Basque Film Part of Online Smithsonian Film Festival April 1 – 30

Kyle Baker, filmmaker

A wonderful short 20-minute film “The Eighth Province” about Bakersfield’s Basque community and the sheep industry can currently be viewed for free online through the Smithsonian’s Mother Tongue Film Festival until the end of April. The film is the work of Kyle Baker, a young filmmaker from Agoura Hills, Calif.
Click here to go to the Smithsonian film festival, then scroll down to the list of “Short Films” to find “The Eighth Province.

“I knew I wanted to make a film about the Basque culture,” said Baker, who was first exposed to the culture when he went to work for the Smithsonian record label Folkways in Washington DC as a sound engineer. His interest in the Basques grew the more he learned, especially as he saw how involved they were in the history of California. “I was 20 before I learned Agoura Hills was named for a Basque sheepherder (Pierre Agoure who had a 16,000-acre sheep ranch in the area).”

Baker received his Master’s in Fine Arts in social documentation from UC Santa Cruz. He is currently living in Santa Cruz.

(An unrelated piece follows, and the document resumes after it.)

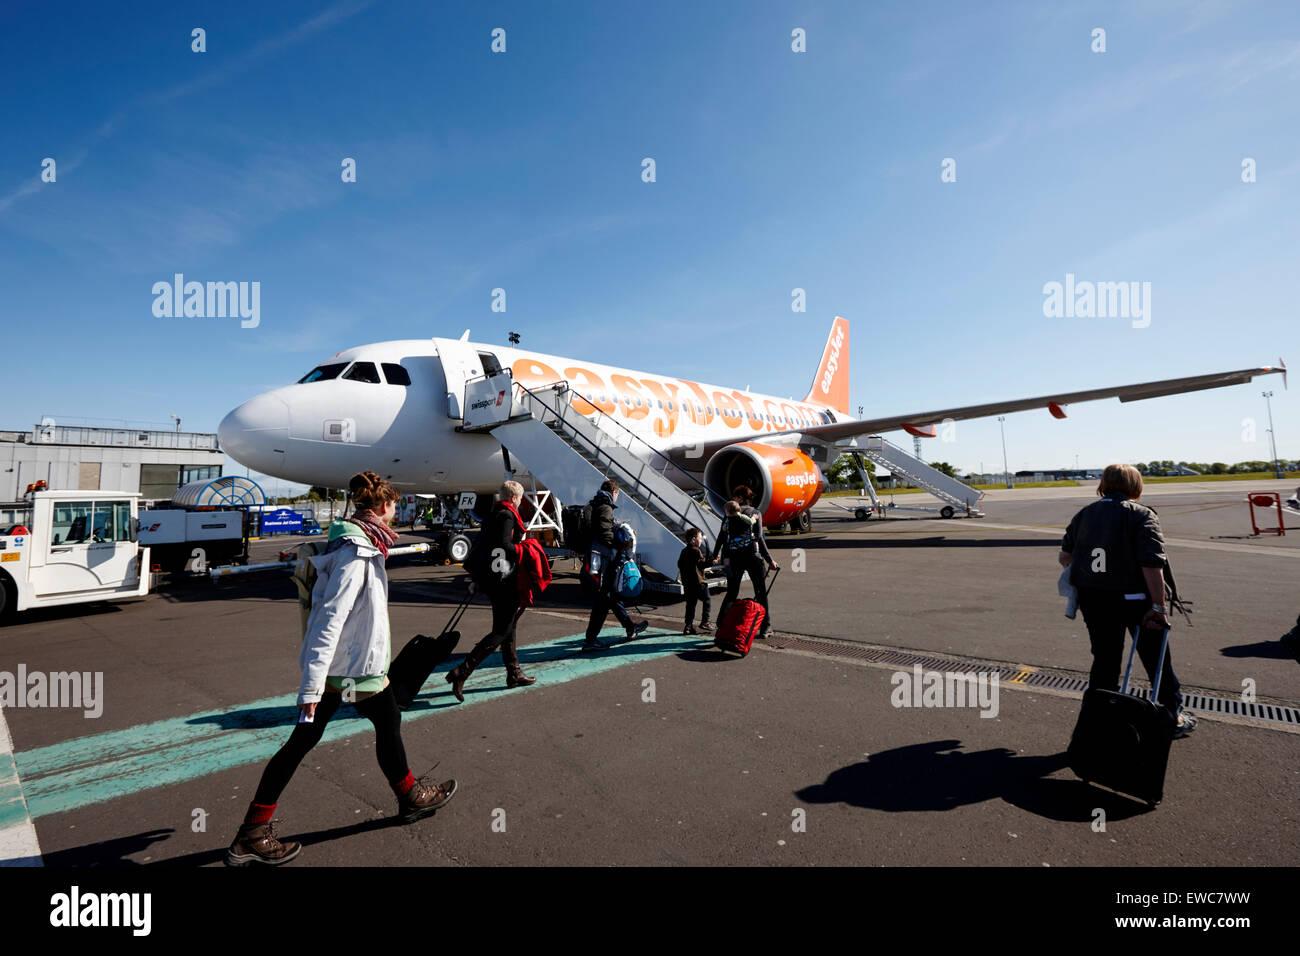 passengers boarding an easyjet aircraft at Belfast International Airport UK - Stock Image

“The film was the product of a bunch of research I had been doing the past few years,” said Baker, noting that “The Eighth Province” was his master’s thesis project. It focuses on the Basque immigrants in Bakersfield, the richness of their cultural traditions, especially music, and the difficulties in maintaining the culture with the newer generation.

The film was also part of the San Francisco Independent Short Film Festival in Oct. 2020.